Humans have exceptional tactile sensing capabilities, which they can leverage to solve challenging, partially observable tasks that cannot be solved from visual observation alone. Research in tactile sensing attempts to unlock this new input modality for robots. Lately, these sensors have become cheaper and, thus, widely available. At the same time, the question of how to integrate them into control loops is still an active area of research, with central challenges being partial observability and the contact-rich nature of manipulation tasks. In this study, we propose to use Reinforcement Learning to learn an end-to-end policy, mapping directly from tactile sensor readings to actions. Specifically, we use Dreamer-v3 on a challenging, partially observable robotic insertion task with a Franka Research 3, both in simulation and on a real system. For the real setup, we built a robotic platform capable of resetting itself fully autonomously, allowing for extensive training runs without human supervision. Our preliminary results indicate that Dreamer is capable of utilizing tactile inputs to solve robotic manipulation tasks in simulation and reality. Furthermore, we find that providing the robot with tactile feedback generally improves task performance, though, in our setup, we do not yet include other sensing modalities. In the future, we plan to utilize our platform to evaluate a wide range of other Reinforcement Learning algorithms on tactile tasks.
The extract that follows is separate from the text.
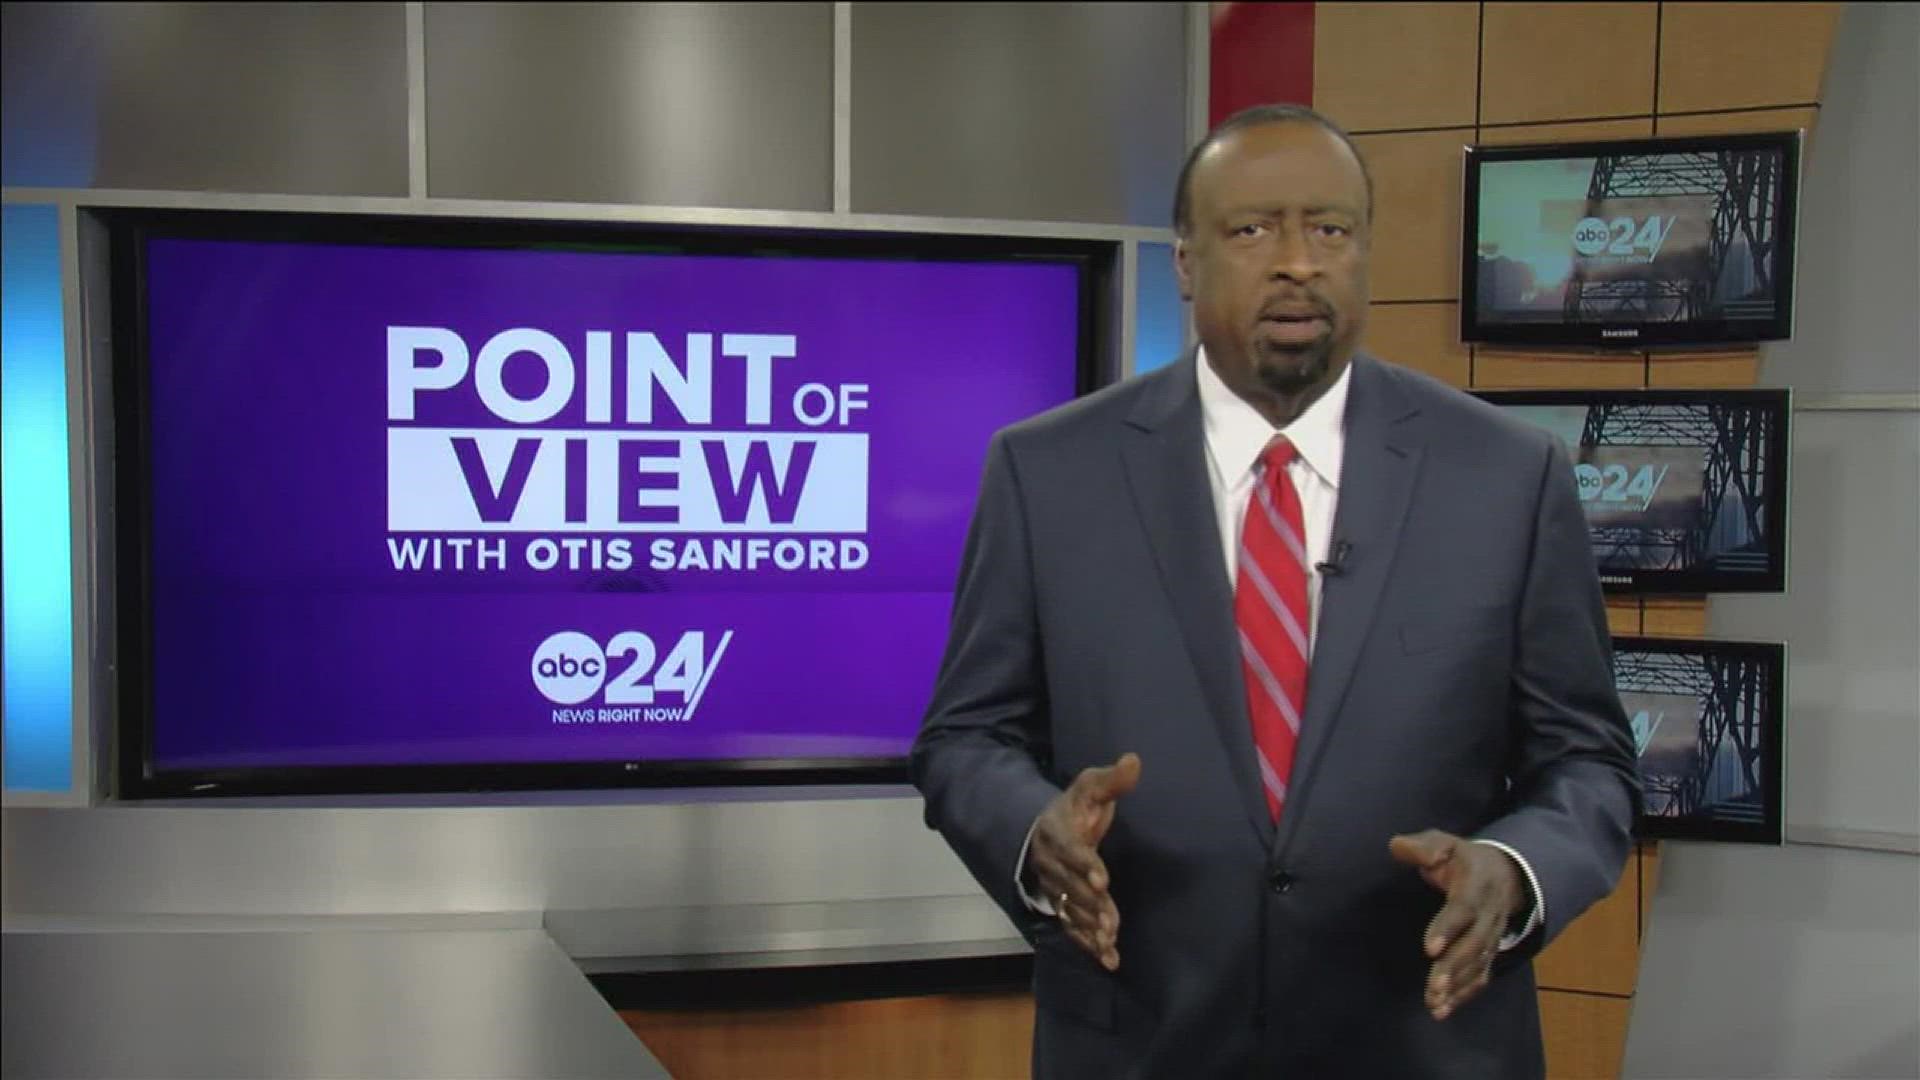 ABC 24 political analyst and commentator Otis Sanford shared his point of view on the redistricting in Tennessee.

翻译：人类拥有卓越的触觉感知能力,能够利用这一能力解决仅凭视觉观察无法完成的挑战性、部分可观测任务。触觉传感研究致力于为机器人解锁这一新型输入模态。近年来,触觉传感器成本降低并得到广泛普及,但如何将其集成至控制回路仍是研究热点,核心挑战在于任务的部分可观测性及其接触密集特性。本研究提出使用强化学习方法学习端到端策略,将触觉传感器读数直接映射为动作指令。具体而言,我们在Franka Research 3机器人上针对具有挑战性的部分可观测插入任务,分别在仿真和真实系统中应用Dreamer-v3算法。为支撑真实实验,我们搭建了具备完全自主复位能力的机器人平台,可进行无需人工监督的大规模训练。初步结果表明,Dreamer算法能够利用触觉输入解决仿真与真实环境中的机器人操作任务。此外,我们发现提供触觉反馈通常能提升任务表现,尽管本实验中尚未融合其他感知模态。未来计划利用该平台评估更多强化学习算法在触觉任务中的表现。